Parsing date and time specifications
Simon Marlow
simonmar@microsoft.com
Fri, 20 Dec 2002 13:32:49 -0000
> I was probably a bit quick on the trigger there. Sorry!
>=20
> It't been a while since I tried using CalendarTime and friends; I did
> have some difficulty making things fit, and eventually gave up the
> whole thing. My impression (which may well be a wrong one) was that
> others also had trouble adapting the library to their uses, too, and
> that the Time library was one of the less successful ones.
That may well be true, and I've heard others suggest that the library is
inconvenient. I'm trying to get at whether that is due to current bugs
in the implementation, or whether the design is fundamentally broken.
> Looking at it now, possible criticisms could arise from the data types
> containing redundancy and non-uniqueness: e.g. one can easily
> construct non-consistent CalendarTimes,
Ok, I don't consider that to be a problem. The toClockTime operation
should fail if the CalendarTime is inconsistent. Non-uniqueness isn't a
problem: you can convert to a ClockTime which is unique.
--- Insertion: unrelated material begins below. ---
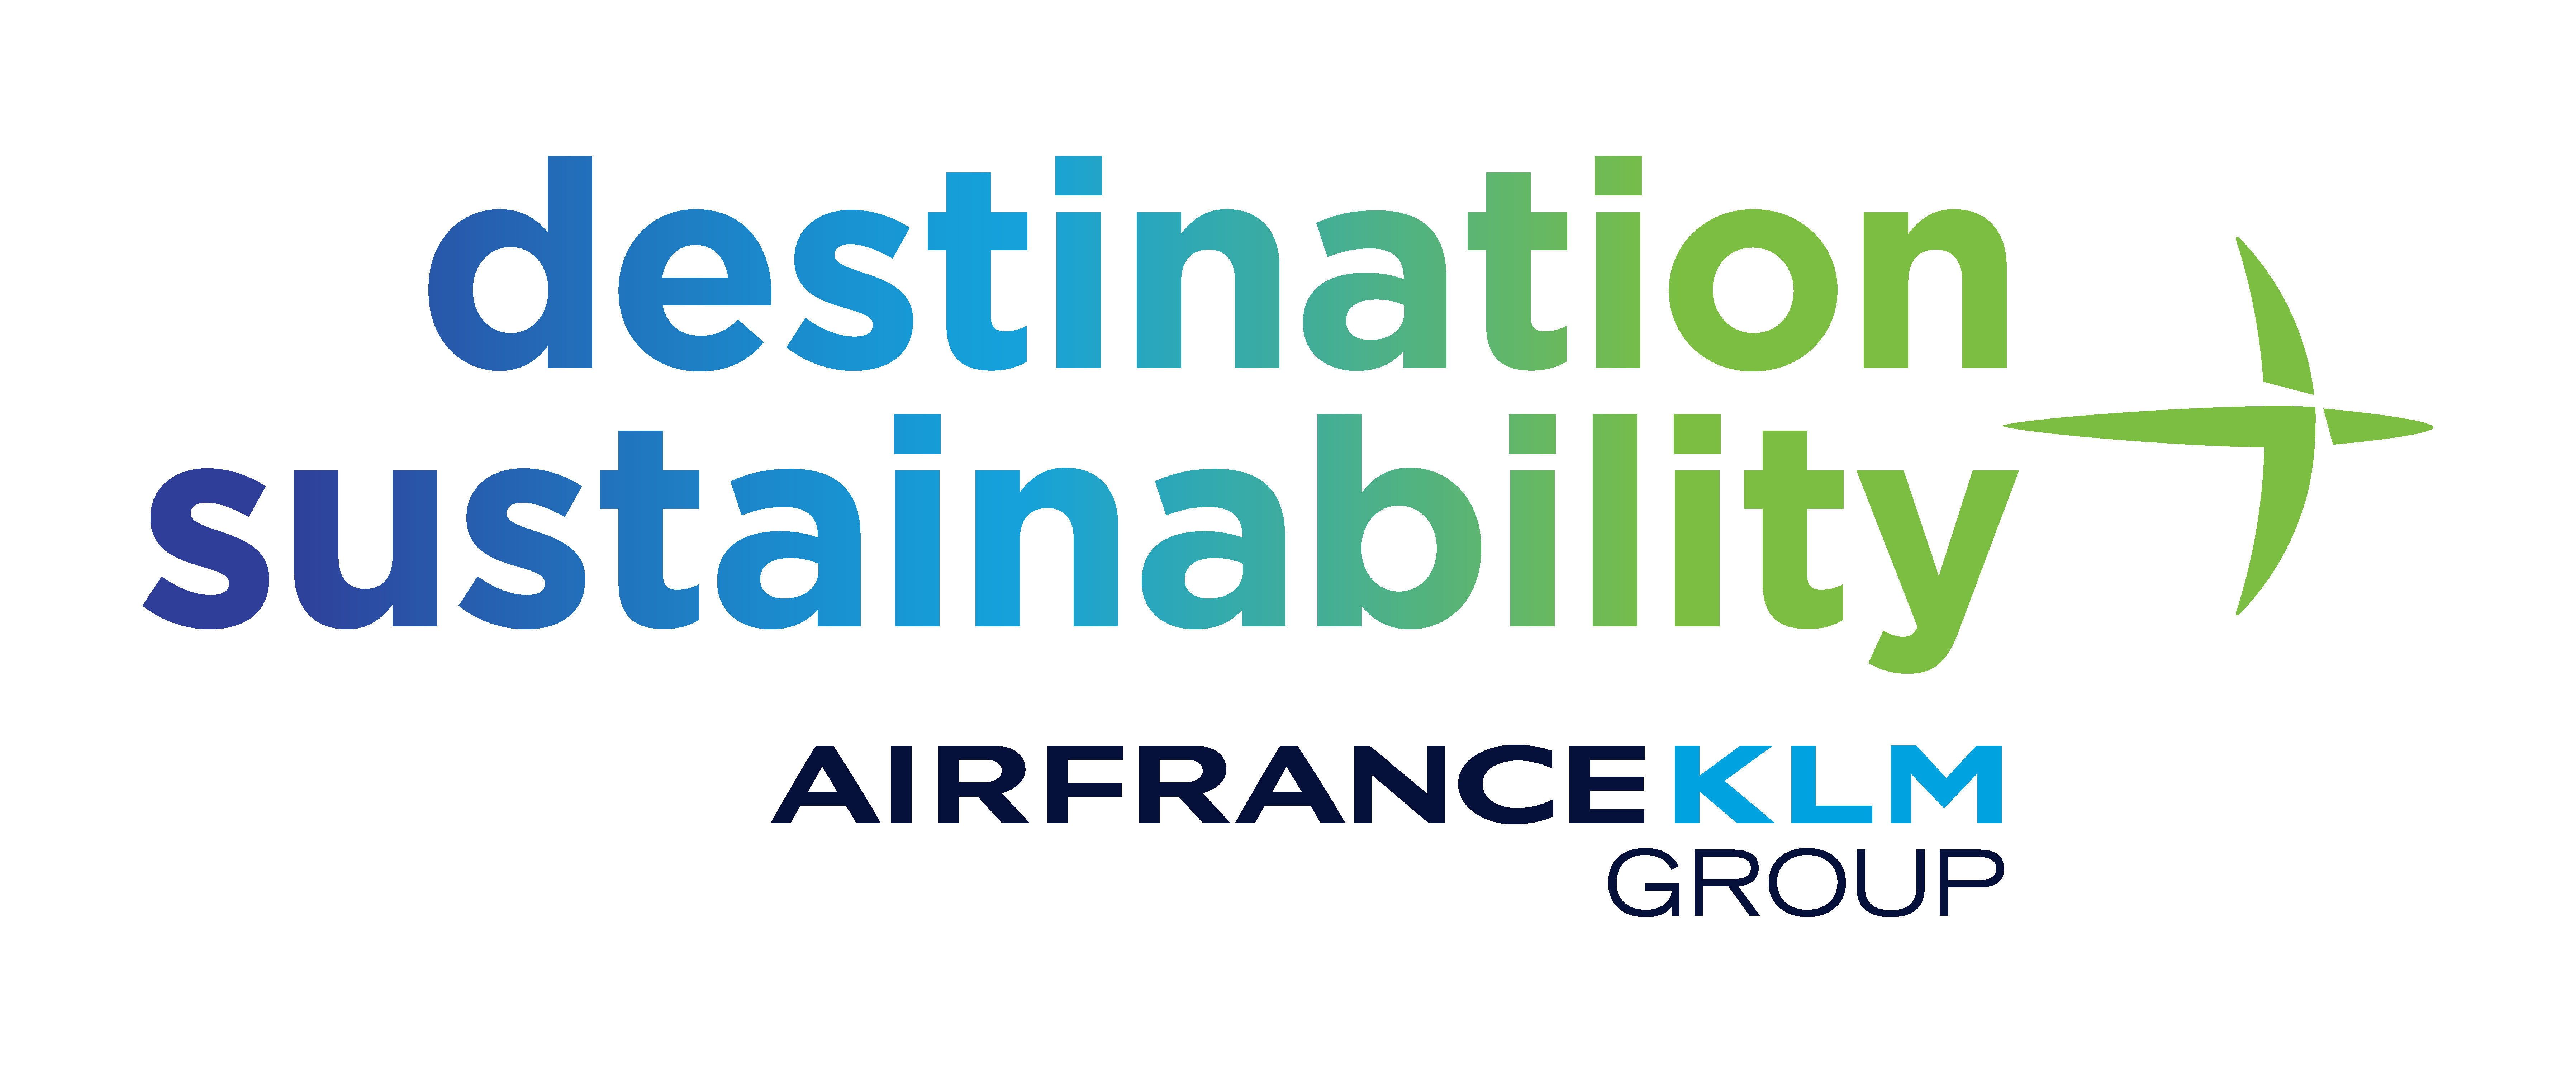 エールフランスKLMの2030年のCO2排出削減目標が
SBTiによって承認されました

I think of the
CalendarTime as a slightly more tractable representation of a date/time
string; lots of date strings don't make sense either (eg. "31
February").
> and there are multiple ways
> to represent the same interval as TimeDiff -- in fact, two TimeDiffs
> may or may not be equal, depending on what CalendarTime they apply
> to. (The 'deriving' of Eq makes this a moot point, perhaps, but
> seems to make equality rather non-intuitive)
I think this is the wrong way to look at it: two TimeDiffs should be
equal if and only if all their components are respectively equal (i.e.
the deriving Eq meaning). This is different from saying that "the
effect of adding this TimeDiff is the same as adding this other
TimeDiff", which depends entirely on what you're adding it to. So this
cannot lead to a sensible meaning for Eq on TimeDiff.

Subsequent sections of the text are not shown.